China has taken a major step forward in its deep-space exploration efforts as the Tianwen-2 spacecraft arrived at the Xichang Satellite Launch Center in Sichuan province for final launch preparations. The China National Space Administration (CNSA) confirmed the development on February 20, 2025, signaling that the mission is on track for its scheduled launch in the first half of the year.

A Dual-Purpose Mission

The Tianwen-2 mission is a combined near-Earth asteroid sample return and comet rendezvous mission, marking another ambitious endeavor for China’s space program. The mission is set to launch aboard a Long March 3B rocket, with a tentative liftoff expected around May 2025.

The primary target of Tianwen-2 is the near-Earth asteroid Kamoʻoalewa (2016 HO3), a small celestial body with a diameter estimated between 40 to 100 meters. The asteroid is considered a quasi-satellite of Earth, meaning it follows a co-orbital path with our planet. Scientists believe Kamoʻoalewa might be a fragment of the Moon, ejected into space after an ancient impact event.

After collecting samples from Kamoʻoalewa, the main spacecraft will continue its journey to comet 311P/PANSTARRS, a celestial body that exhibits both asteroid-like and comet-like characteristics. By studying these two objects, scientists aim to gain valuable insights into the composition, evolution, and history of the solar system, including the distribution of water and organic molecules.

Launch Preparations Underway

CNSA stated that the launch site facilities are fully prepared, and pre-launch tests are proceeding as planned. Engineers and scientists are meticulously working to ensure the spacecraft is ready for its complex mission, which will involve multiple orbital maneuvers, sample collection, and deep-space travel over nearly a decade.

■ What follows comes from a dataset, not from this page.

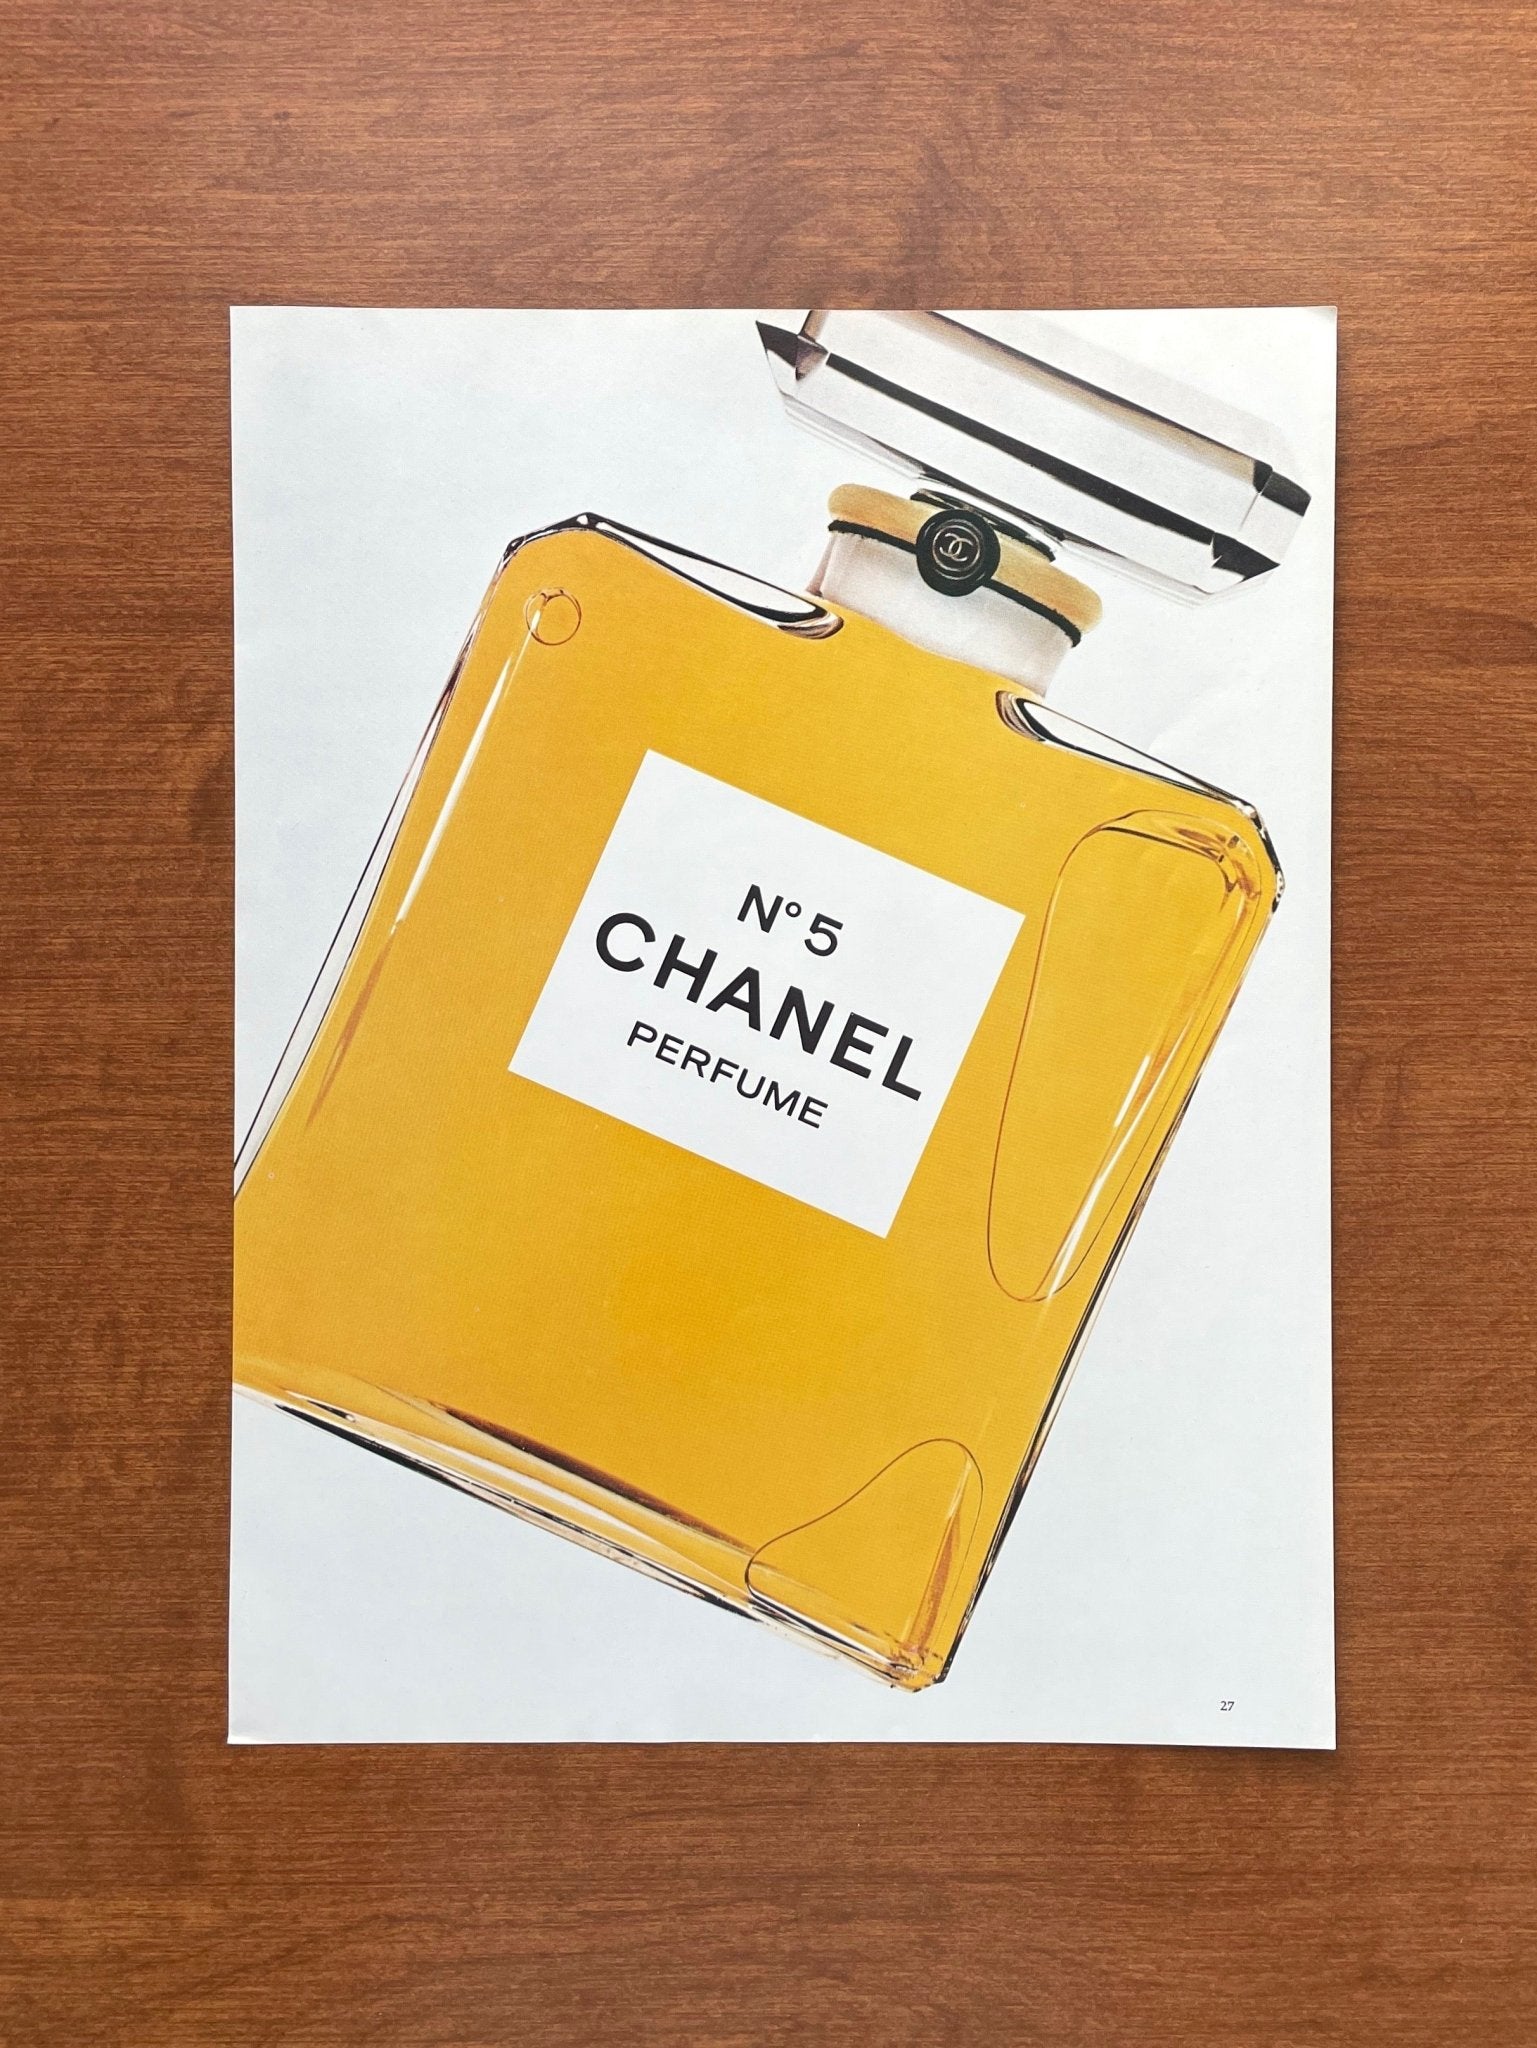 Chanel No 5 Perfume Advertisement

Sampling Kamoʻoalewa: Two Innovative Techniques

To collect material from Kamoʻoalewa, Tianwen-2 will employ two advanced sampling methods:

  1. Touch-and-Go (TAG) Method – This technique, used by NASA’s OSIRIS-REx and JAXA’s Hayabusa2 missions, involves briefly touching the asteroid’s surface to gather samples.
  2. Anchor-and-Attach System – This approach uses drills attached to the spacecraft’s landing legs, allowing for a more stable and secure extraction of subsurface material.

Early mission concepts, when Tianwen-2 was initially known as Zheng He, indicated that China aimed to collect between 200 and 1,000 grams of asteroid samples. These samples will help scientists analyze Kamoʻoalewa’s mineral composition, origin, and potential similarities with lunar material.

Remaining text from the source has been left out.